Pegasus scholars welcomed at Parliament House
YOUNG lawyers from New Zealand, the USA, and Australia toured Parliament House this week as part of their experience as Pegasus scholars.
The Pegasus scholarship scheme was founded in 1987 by Lord Goff of Chieveley to build bridges between countries operating the common law system and is supported by the four Inns of Court in London.
The Pegasus Trust has incoming and outgoing scholarships, and, in Lord Goff’s words, “makes it possible for gifted young lawyers - the future leaders of their professions - to learn about the practical working of the common law system in countries other than their own, and to form enduring links with lawyers in those countries.”

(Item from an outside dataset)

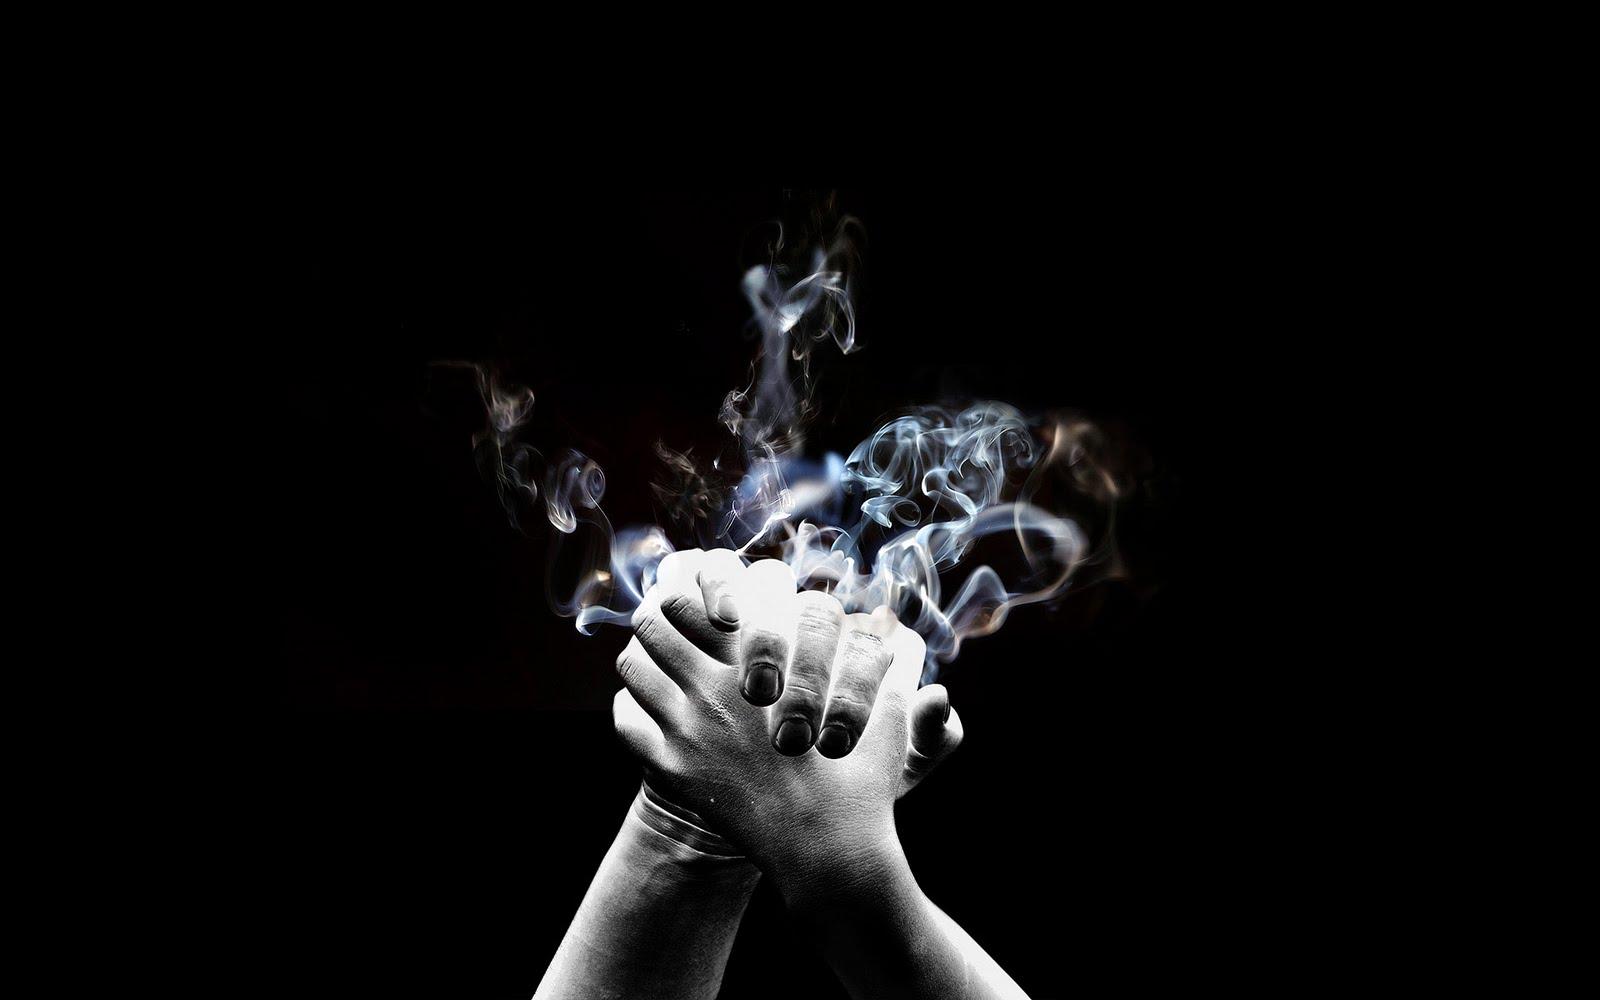 http://2.bp.blogspot.com/-Whsg08Uzus4/TkTMrgRm5lI/AAAAAAAAASQ/i4YPNZRJ4tI/s1600/Smoke-hand.jpg

Based in London, Pegasus scholars visit the Faculty of Advocates and the High Court in Belfast. They were given a tour of the Advocates Library by Michael Upton and Deputy Clerk of Faculty Lesley Irvine took them into the courts.
“The Pegasus Scholarship is a wonderful programme for junior lawyers from around the world to gain experience of other common law jurisdictions,” said Taz Haradasa from New Zealand. “It also provides a great opportunity to meet other junior lawyers from different countries. As part of the scholarship we had a wonderful day hosted by the Faculty of Advocates in Edinburgh. I particularly liked visiting the library – it is a really wonderful space filled with some fascinating old books. We were very grateful for the opportunity to learn more about Scots law and the Scottish legal profession.”

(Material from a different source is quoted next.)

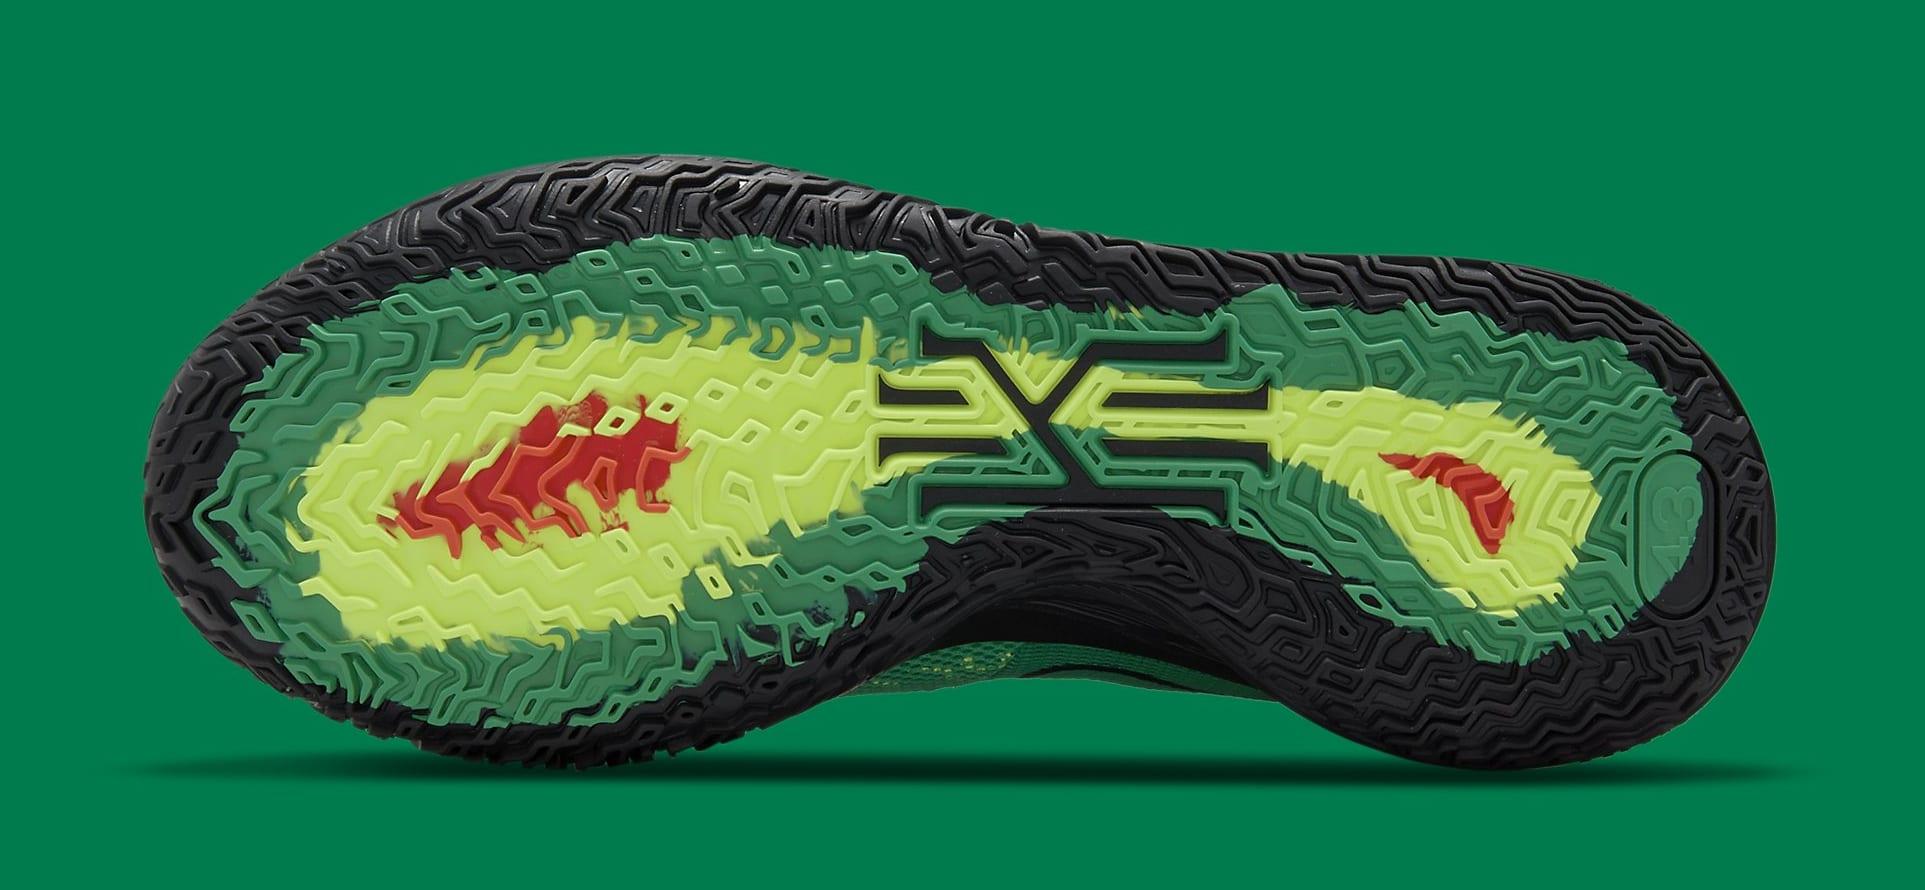 Nike Kyrie 7 'Weatherman' CQ9327-300 Outsole

Kayla Grant, also from New Zealand, said: “The Pegasus Scholarship is designed to facilitate ties between common law countries and give Commonwealth lawyers a sense of the UK legal system. We’re grateful to have been able to travel to Scotland and Northern Ireland as part of the programme. During our visit to the Faculty of Advocates, we learned a lot about the development and special characteristics of Scottish law and got a sense of the collegial profession in Scotland.”
“The Pegasus Scholarship has given me a number of ideas about ways in which we could adapt our practice in New Zealand, even where our law differs,” said Jade Lancaster, who is visiting from Christchurch, New Zealand.
Eliza Lockhart, who hails from Melbourne, Australia, obtained her Master of Law at the University of Cambridge. “I am excited to finally be back in the UK and learning about the legal systems in England, Scotland and Northern Ireland. It was a privilege and an absolute pleasure to tour the court buildings. I was particularly interested to learn about the unique Scottish common law and the close-knit legal profession.”
“It’s been an incredible experience,” said Erin Wallin, a Pegasus scholar from the USA. “We spend six weeks, mostly based in London, learning about the UK legal system. We also visit Scotland and Northern Ireland. We truly enjoyed our tour and were floored by the beautiful library. We especially loved popping in on an active hearing and seeing the boxes where barristers receive their instructions.